══ MATERIAL FOR THE TASK ══
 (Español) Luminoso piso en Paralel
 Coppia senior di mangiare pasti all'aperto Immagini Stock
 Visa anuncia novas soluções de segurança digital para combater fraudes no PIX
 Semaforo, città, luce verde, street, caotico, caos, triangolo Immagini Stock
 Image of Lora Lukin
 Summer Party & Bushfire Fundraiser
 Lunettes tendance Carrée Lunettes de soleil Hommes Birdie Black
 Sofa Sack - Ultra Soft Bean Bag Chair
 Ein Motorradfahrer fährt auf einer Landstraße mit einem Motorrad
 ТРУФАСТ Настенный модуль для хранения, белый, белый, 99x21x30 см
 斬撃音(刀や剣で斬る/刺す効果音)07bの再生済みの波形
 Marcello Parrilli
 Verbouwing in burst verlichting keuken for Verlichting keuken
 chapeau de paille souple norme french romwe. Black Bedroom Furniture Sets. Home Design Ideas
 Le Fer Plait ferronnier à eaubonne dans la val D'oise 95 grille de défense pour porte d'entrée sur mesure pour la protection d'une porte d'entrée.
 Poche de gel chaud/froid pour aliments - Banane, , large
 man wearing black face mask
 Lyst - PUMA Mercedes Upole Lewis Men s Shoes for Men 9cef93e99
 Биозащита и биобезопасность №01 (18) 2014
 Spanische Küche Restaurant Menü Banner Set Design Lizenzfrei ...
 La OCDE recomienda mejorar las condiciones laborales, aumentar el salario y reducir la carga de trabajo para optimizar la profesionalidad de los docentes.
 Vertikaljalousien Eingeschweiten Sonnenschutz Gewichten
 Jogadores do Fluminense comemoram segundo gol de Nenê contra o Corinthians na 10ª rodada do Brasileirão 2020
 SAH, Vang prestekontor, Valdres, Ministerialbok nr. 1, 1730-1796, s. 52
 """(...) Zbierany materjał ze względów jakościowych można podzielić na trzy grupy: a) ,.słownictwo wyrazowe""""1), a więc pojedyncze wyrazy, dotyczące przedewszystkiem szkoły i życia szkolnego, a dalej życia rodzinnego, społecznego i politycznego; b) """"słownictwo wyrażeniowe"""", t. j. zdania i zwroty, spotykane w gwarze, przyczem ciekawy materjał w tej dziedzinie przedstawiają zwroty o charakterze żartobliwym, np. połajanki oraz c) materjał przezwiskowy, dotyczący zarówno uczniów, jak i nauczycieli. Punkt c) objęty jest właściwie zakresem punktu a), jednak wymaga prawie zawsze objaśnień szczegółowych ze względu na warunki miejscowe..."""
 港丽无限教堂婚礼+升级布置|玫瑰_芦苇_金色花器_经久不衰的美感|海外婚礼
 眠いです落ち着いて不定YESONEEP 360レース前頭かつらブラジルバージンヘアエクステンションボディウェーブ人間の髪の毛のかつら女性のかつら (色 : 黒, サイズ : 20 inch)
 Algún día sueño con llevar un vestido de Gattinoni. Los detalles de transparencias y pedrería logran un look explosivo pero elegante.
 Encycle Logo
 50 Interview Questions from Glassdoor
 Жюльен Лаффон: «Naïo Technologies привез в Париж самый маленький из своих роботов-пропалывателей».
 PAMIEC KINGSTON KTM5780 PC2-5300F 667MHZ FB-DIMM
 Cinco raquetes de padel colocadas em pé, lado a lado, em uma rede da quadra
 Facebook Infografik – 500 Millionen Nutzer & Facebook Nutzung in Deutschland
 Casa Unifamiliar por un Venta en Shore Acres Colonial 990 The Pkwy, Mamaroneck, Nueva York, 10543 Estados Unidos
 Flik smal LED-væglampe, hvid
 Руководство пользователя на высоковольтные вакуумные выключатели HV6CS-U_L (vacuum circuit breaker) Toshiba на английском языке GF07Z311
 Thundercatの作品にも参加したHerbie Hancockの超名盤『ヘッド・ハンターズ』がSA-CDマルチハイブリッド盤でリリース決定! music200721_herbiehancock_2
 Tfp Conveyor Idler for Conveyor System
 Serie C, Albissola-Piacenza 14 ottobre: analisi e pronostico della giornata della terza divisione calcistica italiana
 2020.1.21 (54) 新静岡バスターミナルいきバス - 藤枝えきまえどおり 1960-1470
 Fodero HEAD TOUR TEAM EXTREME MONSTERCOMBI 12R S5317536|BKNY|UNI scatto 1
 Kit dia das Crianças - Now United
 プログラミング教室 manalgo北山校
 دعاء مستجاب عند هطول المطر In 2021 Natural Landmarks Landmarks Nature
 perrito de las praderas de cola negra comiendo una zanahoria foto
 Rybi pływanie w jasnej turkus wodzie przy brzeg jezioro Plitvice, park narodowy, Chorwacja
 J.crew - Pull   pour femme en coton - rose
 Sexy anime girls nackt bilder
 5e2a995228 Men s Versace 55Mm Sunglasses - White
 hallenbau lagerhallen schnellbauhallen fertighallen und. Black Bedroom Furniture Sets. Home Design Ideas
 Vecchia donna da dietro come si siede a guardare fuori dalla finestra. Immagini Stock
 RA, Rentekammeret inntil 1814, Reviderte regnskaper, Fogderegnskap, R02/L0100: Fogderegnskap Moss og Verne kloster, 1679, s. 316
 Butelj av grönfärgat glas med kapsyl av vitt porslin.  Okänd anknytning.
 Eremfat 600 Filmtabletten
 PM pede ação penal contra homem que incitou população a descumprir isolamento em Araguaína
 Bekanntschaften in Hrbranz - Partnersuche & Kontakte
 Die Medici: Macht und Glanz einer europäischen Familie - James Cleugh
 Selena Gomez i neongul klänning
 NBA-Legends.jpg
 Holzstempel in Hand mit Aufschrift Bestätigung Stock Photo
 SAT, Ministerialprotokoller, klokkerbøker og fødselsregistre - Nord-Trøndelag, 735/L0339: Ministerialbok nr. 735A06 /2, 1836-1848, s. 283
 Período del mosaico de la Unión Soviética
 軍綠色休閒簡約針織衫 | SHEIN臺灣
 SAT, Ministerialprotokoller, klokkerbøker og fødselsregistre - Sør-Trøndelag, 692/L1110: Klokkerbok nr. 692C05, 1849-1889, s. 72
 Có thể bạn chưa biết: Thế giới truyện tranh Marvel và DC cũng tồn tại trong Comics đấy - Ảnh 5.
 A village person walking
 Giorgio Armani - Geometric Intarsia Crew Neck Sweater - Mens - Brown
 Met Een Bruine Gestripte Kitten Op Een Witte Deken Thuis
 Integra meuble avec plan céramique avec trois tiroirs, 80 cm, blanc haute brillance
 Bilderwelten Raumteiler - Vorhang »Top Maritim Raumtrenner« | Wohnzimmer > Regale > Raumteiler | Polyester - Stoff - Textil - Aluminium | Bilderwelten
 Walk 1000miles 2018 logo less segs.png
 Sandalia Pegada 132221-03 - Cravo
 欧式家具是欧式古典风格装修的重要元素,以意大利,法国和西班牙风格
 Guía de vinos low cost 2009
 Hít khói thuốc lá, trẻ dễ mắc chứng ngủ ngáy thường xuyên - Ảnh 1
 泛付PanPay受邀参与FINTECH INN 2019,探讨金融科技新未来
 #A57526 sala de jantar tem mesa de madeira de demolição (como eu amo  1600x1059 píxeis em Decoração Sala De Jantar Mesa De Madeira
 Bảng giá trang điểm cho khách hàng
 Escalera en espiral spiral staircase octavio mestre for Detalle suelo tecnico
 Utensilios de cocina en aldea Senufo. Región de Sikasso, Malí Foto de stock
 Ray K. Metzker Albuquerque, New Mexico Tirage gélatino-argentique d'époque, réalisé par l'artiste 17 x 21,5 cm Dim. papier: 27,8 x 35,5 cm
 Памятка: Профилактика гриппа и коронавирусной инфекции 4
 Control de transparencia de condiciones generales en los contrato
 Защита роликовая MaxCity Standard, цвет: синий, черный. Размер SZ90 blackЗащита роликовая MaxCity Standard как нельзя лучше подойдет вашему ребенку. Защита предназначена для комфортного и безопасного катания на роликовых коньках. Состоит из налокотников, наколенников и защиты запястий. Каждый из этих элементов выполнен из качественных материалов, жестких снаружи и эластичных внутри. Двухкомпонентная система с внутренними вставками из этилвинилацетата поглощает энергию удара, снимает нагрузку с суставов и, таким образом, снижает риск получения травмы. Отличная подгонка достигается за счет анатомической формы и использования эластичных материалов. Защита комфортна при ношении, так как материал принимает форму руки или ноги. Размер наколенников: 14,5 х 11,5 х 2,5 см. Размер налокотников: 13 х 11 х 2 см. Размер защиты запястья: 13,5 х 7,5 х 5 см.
═══
WORK REQUIRED
Give back the lines of the data exactly as they are written, from the first line through the line containing "Sofa Sack - Ultra Soft Bean Bag Chair".

WORKED SOLUTION
 (Español) Luminoso piso en Paralel
 Coppia senior di mangiare pasti all'aperto Immagini Stock
 Visa anuncia novas soluções de segurança digital para combater fraudes no PIX
 Semaforo, città, luce verde, street, caotico, caos, triangolo Immagini Stock
 Image of Lora Lukin
 Summer Party & Bushfire Fundraiser
 Lunettes tendance Carrée Lunettes de soleil Hommes Birdie Black
 Sofa Sack - Ultra Soft Bean Bag Chair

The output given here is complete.